Task to carry out: Would you repeat the data below exactly, taking out the images?

Information provided:

Start of Block

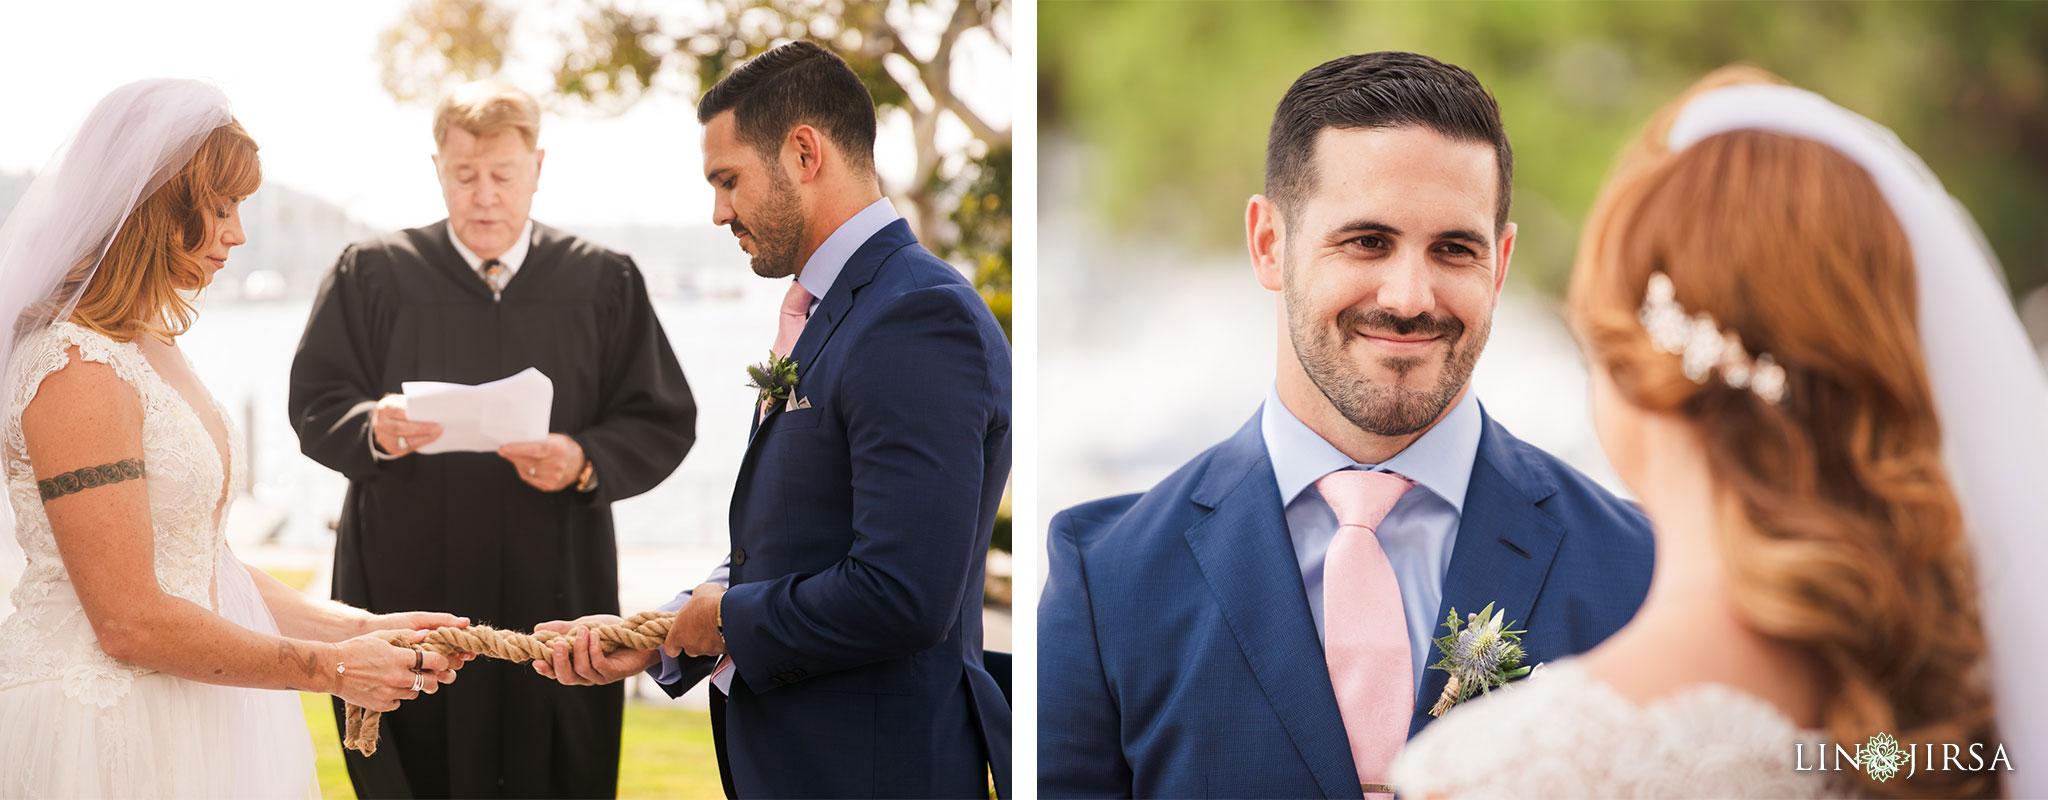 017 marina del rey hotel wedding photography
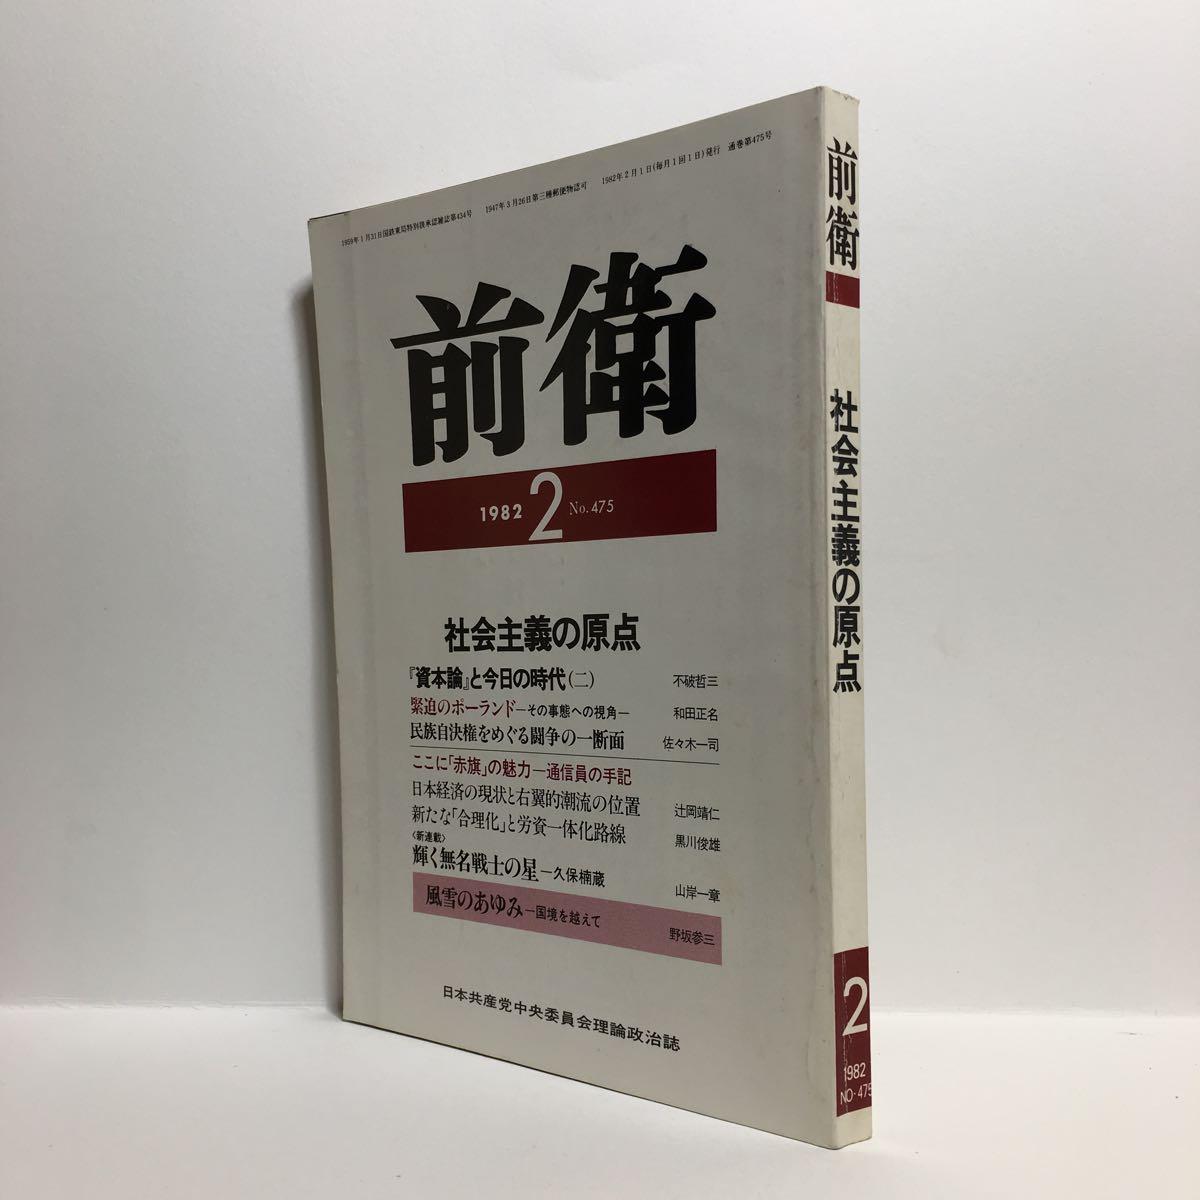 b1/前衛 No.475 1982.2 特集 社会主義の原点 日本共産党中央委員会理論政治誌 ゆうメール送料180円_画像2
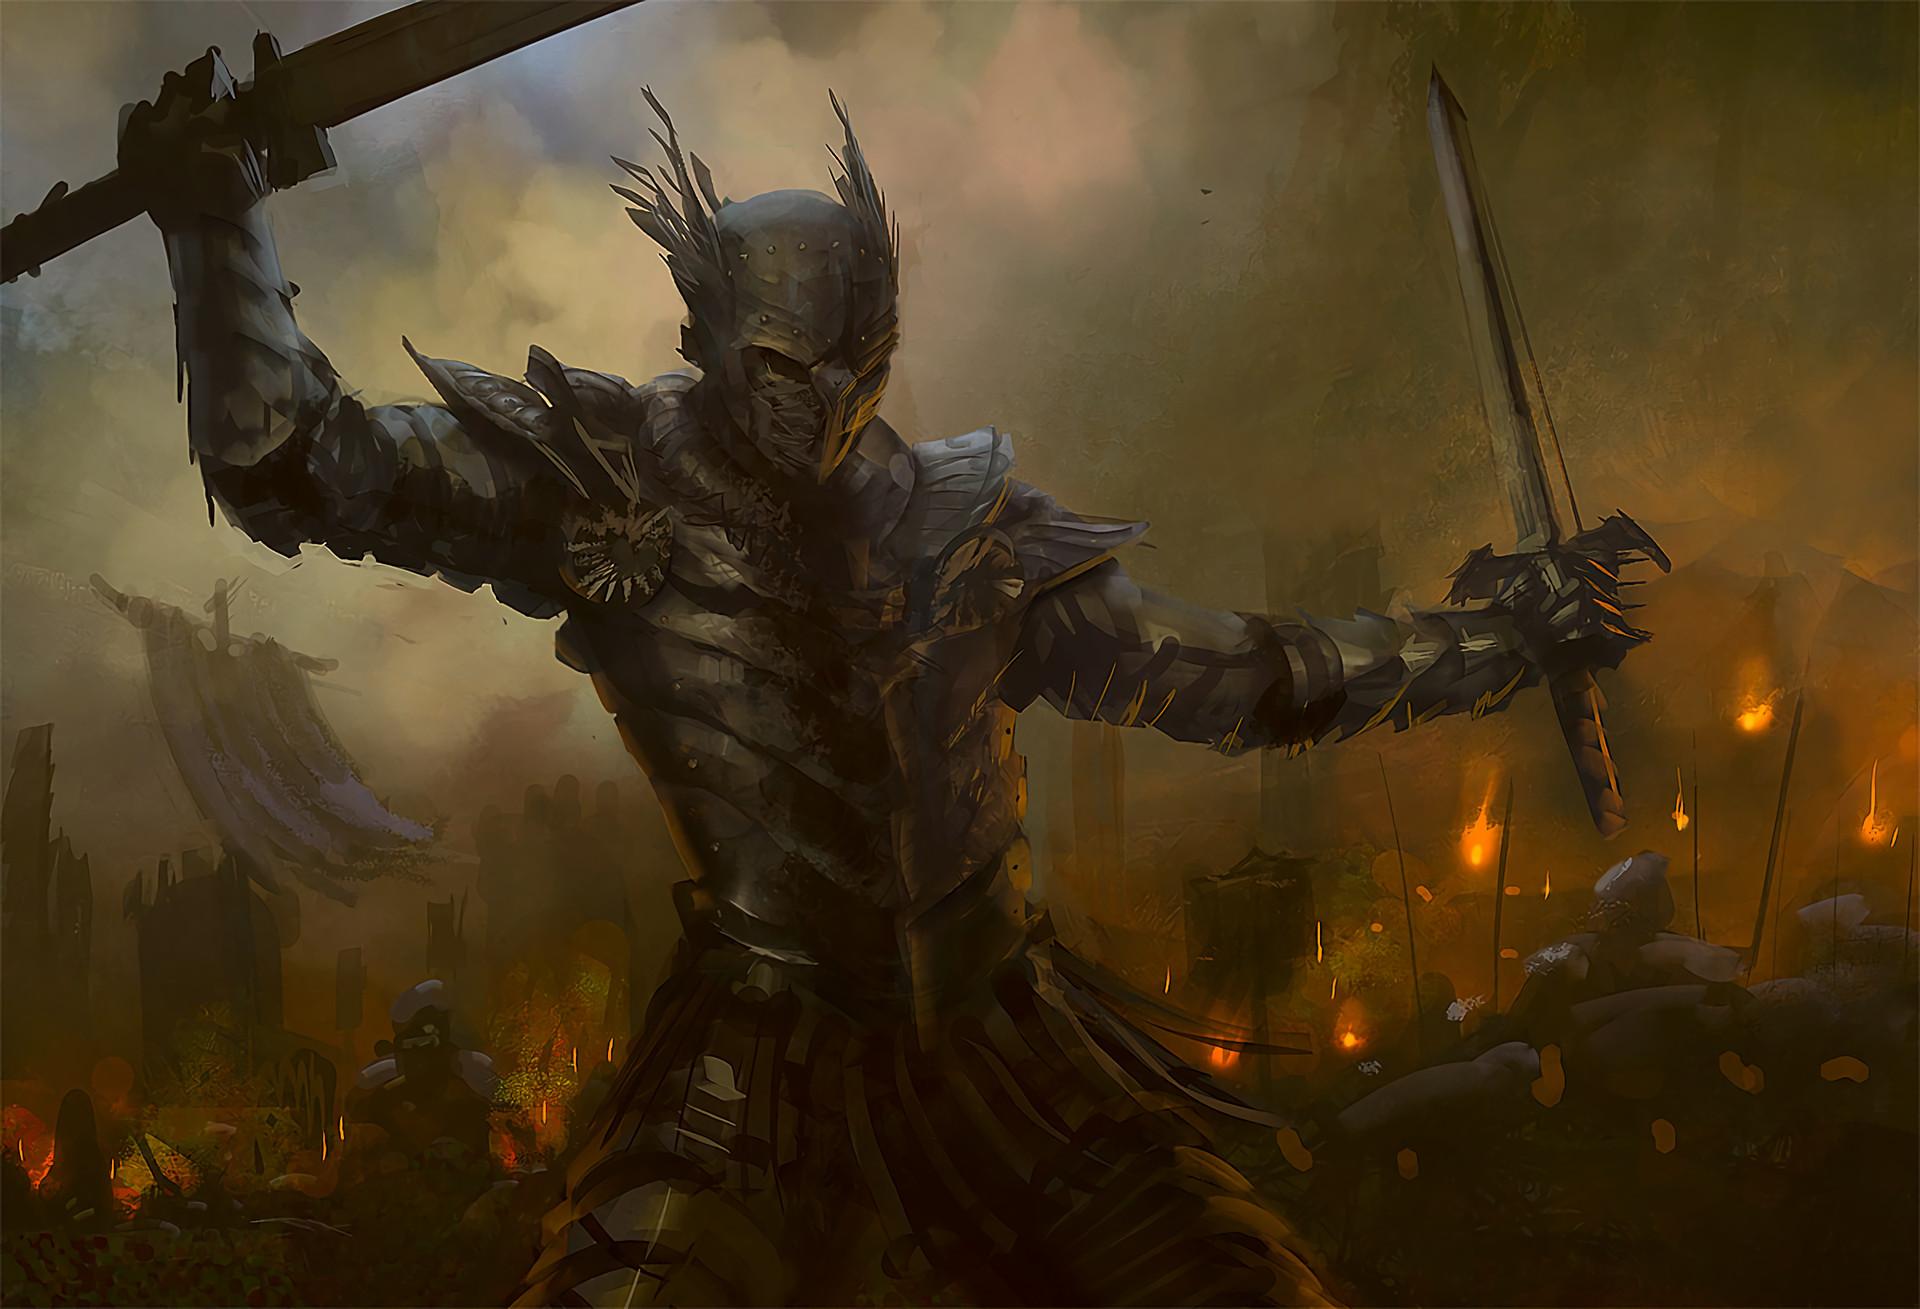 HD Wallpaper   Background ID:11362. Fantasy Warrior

End of Block

Solution to this problem:
 017 marina del rey hotel wedding photography
 b1/前衛 No.475 1982.2 特集 社会主義の原点 日本共産党中央委員会理論政治誌 ゆうメール送料180円_画像2
 HD Wallpaper   Background ID:11362. Fantasy Warrior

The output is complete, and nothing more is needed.